Similarly, we do not agree with appellee’s second contention. As appellee contends, during the evidentiary hearing below, the trial court initially found that appellant terminated the contract when he called appellee to inform him that he could not obtain 21 building lots, and offered appellee a lower purchase price. The court based this finding upon appellee’s uncontroverted testimony. After the court articulated this finding, appellant’s counsel revealed that he had not put on evidence regarding the alleged termination because of his understanding of the proper scope of the hearing. The court then permitted appellant to testify on this issue. Appellant’s testimony directly contradicted appellee’s testimony on this issue, and the trial court never revisited its finding, instead, choosing to base its ruling solely on the rule against perpetuities. Thus, it appears that the issue of termination remains an unresolved factual issue that may be revisited upon remand.
JUDGMENT REVERSED; CASE REMANDED FOR FURTHER PROCEEDINGS CONSISTENT WITH THIS
Notes
. There were minor handwritten additions by appellee.
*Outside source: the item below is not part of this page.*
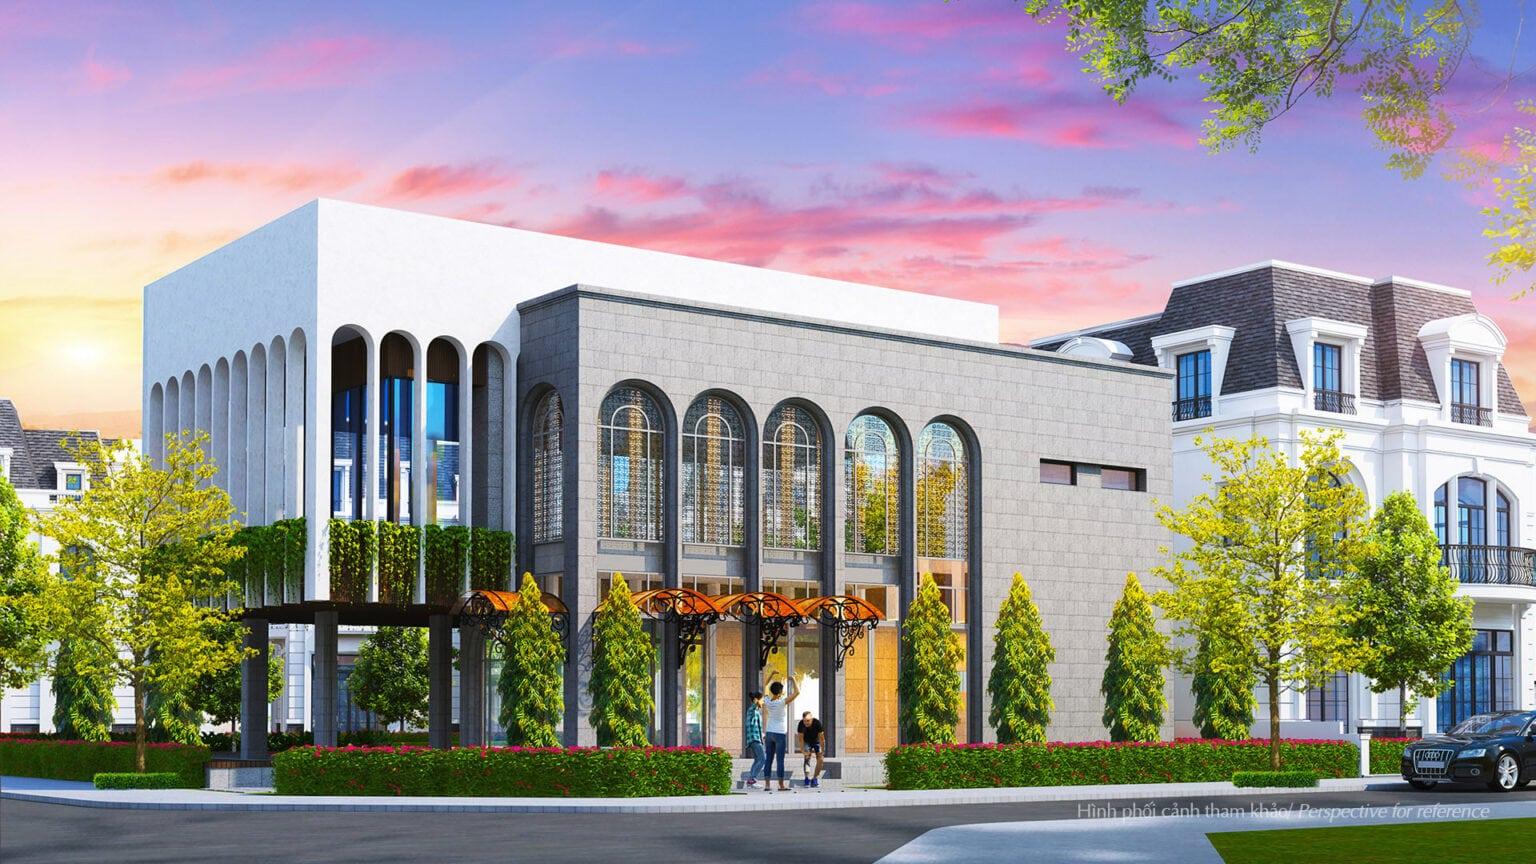 Clubhouse Amelie Villa gồm 2 tầng được bao bọc bởi hệ thống cảnh quan xanh và có thiết kế nổi bật với những mái vòm cong, tương đồng với phong cách Tân Cổ điển Pháp của dự án – Hình phối cảnh tham khảo.

. The entire document is as follows:
1. 25 Acres at $10,000. = $250,000.00
2. $150,000.00 down payment by Jan. 96
3. $100,000.00 — financed 6% interest for 10 years — monthly payments _
4. Due Oct. 1st or before 15th
5. Subject to percolation tests 21 bldg, sites & permits approval
6. Release 15 acres for $150,000. Release 10 Acres with $100,000. payment
7. Can be paid in full anytime w/out penalty /s/ Melvin Brown /s/ Thomas Parran, III
Buyer Melvin Brown
Aug. 29, 1995
Seller
Thomas Parran, III
8. All expenses paid by buyer.
9. Thomas Parran III
P.O. Box 127
St. Leonard, Md. 20685
410 586-2157 home
410 326-0210 work
Map 31 Parcel 25
. In
Yerkie,
the memorandum evidencing the contract at issue was dated April 18, 1966. Over one year later, in August, 1967, the sellers' counsel sent a letter to the buyer informing him that, in view of the fact that the sellers had not received a deposit and the buyer had not made any efforts to rezone the property, the seller considered the contract to have been abandoned and void. Almost one year later, in July, 1968, the buyer asked the sellers to sign a rezoning application, and the sellers refused. Then, two years and three months passed before the buyer filed a complaint for specific performance of the contract. By the time the case reached the Court of Appeals, five years had passed, no application for rezoning had been made and, apparently, the buyer did not take the position that he had waived the condition. When the Court considered the case, it had before it the memorandum, which did not specify a date for applying for rezoning, and the buyer’s affidavit,
which expressly stated that
“there was no specific agreement between the parties as to when the rezoning would be applied for other than it would be at a time mutually acceptable to both
parties....”
Id.
at 601,
. The rule against perpetuities does not require that Calvert County grant the permits within the period of perpetuities, but merely, that it take action within the period. Just as the grant of the requisite permits would allow settlement to proceed, and title to vest in the buyer, the denial of the requisite permits would extinguish the contract and the buyer's future contingent interest.
. In actuality, the contract did not condition the option on receipt of zoning approval, but only upon the receipt of "special and usual permits.”